First of all, apologies for the lack of posts the last month or so. I’ve busy working on the launch of significant enhancements to the RainStor product and lots of exciting activity with our partners, including our recently announced relationship with Dell. My other focus has been with my fast growing identical twins Parker and Ryan who are now 7 months old. So pardon my indulgence as I combine the two into this blog post. As ever, comments are welcome but be gentle as I’m operating on a sleep deficit J
As per Wikipedia, Shared Nothing (SN) is a distributed computing architecture in which each node is independent and self-sufficient, and there is no single point of contention across the system. Shared Nothing Architectures have become prevalent in the Data Warehousing space with products such as EMC Greenplum, HP Vertica and Teradata providing Big Data analytic solutions. Hadoop and HDFS is also an example of a SN environment.
With that as a brief backdrop let me turn my attention to the challenge of being a parent to twins. Together with obvious extreme lack of sleep, the other conundrum is do we need to buy two of everything, and if not how will we share it? If you are a parent of twins (or two siblings) the scenario and questions below will be familiar:
1. Will they both need parallel access to it at the same time?
(Items such as bottles, clothing, pacifiers, car seats meet this criteria)
This is a simple example of “shared nothing” with no contention, whereby each boy has his own item and is able to happily focus on each individual item in a self contained manner. With the use of their own bottles at feeding time, we are able to simultaneously feed both boys, in half the time versus if we proceeded sequentially. For SN systems such as Hadoop, massive parallelization by simply adding more nodes with its own locally attached disk allows it to scale to handle Big Data data volumes.
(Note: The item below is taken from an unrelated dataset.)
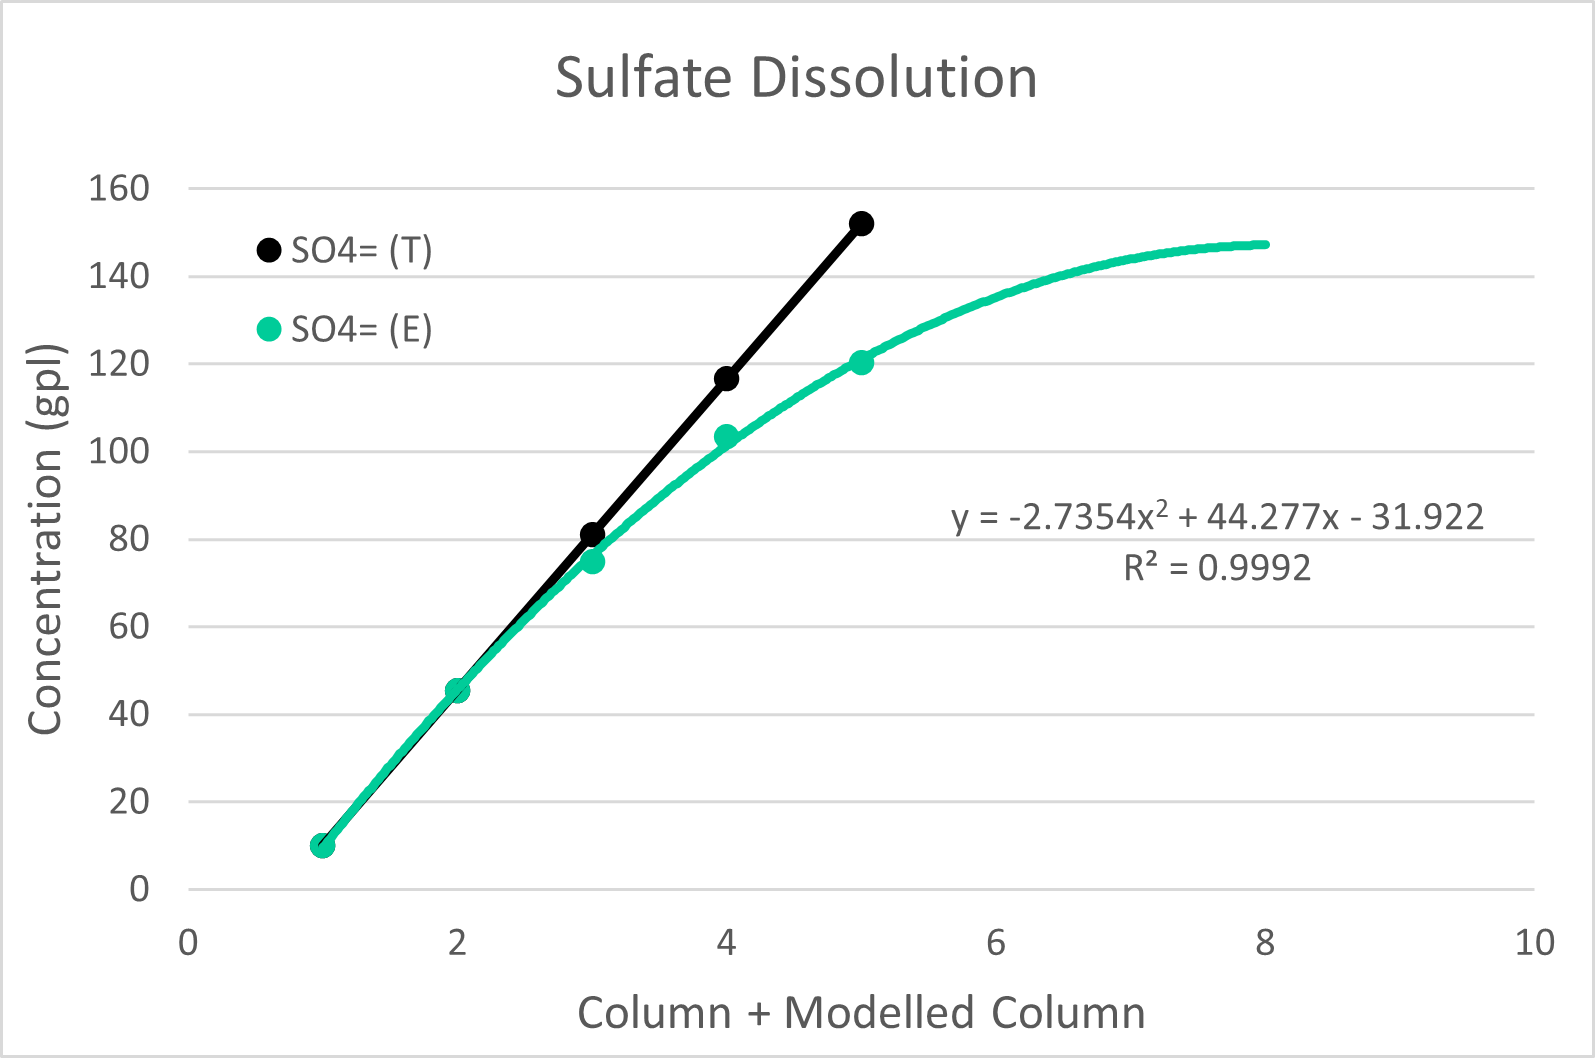 Evolution of Sulfate Concentration in PLS solution

2. How will we provide access to an item if one or the other needs it?
(For example using a fixed or portable changing table)
With a changing table built into a dresser, we are pretty much saying that all diaper changing will be done in a fixed location (at least around the house). We therefore bring each boy to the nursery where the table resides. In Hadoop MapReduce function processing is moved to keep the work as close to the data as possible to reduce network traffic. This is to avoid, moving the data itself in what is known as “data shipping”. In contrast, Shared Disk and Shared Everything architectures don’t have a “data shipping” issue because each node has access to all of the data.
Obviously Shared Nothing vs. Shared Disk vs. Shared Everything is a much more complex and sophisticated technical topic which I won’t be covering today. Throw in OLTP vs OLAP and the Cloud you have an even spicier debate. If you are interested you can check the links below for some good discussion.
- http://jhingran.typepad.com/anant_jhingrans_musings/2010/02/shared-nothing-vs-shared-disks-the-cloud-sequel.html
- http://scaledb.blogspot.com/2010/02/cloud-computing-shared-disk-vs-shared.html
- http://kevinclosson.wordpress.com/2007/08/09/nearly-free-or-not-gridsql-for-enterprisedb-is-simply-better-than-real-application-clusters-it-is-shared-nothing-architecture-after-all/
And as usual excellent reference material is available through links on Wikipedia:
- ^ The Case for Shared Nothing Architecture by Michael Stonebraker. [Originally published in Database Engineering, Volume 9, Number 1 (1986).](PDF)
- ^ Independent article comparing Shared Nothing and Shared Disk
- ^ Article on Shared Nothing from the point of view of a Shared Disk Vendor(PDF)
- ^ Article on Shared Nothing from the point of view of a Shared Nothing Vendor(PDF)
To tie off this post with my main two focuses; RainStor ‘s unique architecture which physically stores data using a “Shared Nothing” paradigm, while at the same time providing access from any SN node, mitigating the “data shipping” network transfer bandwidth problem by significantly compressing the data. This is one reason why RainStor is an ideal solution to ingest and support the query of ever growing Big Data volumes that have to be retained at petabyte-scale. Meanwhile Parker and Ryan are themselves growing and scaling at an alarming rate.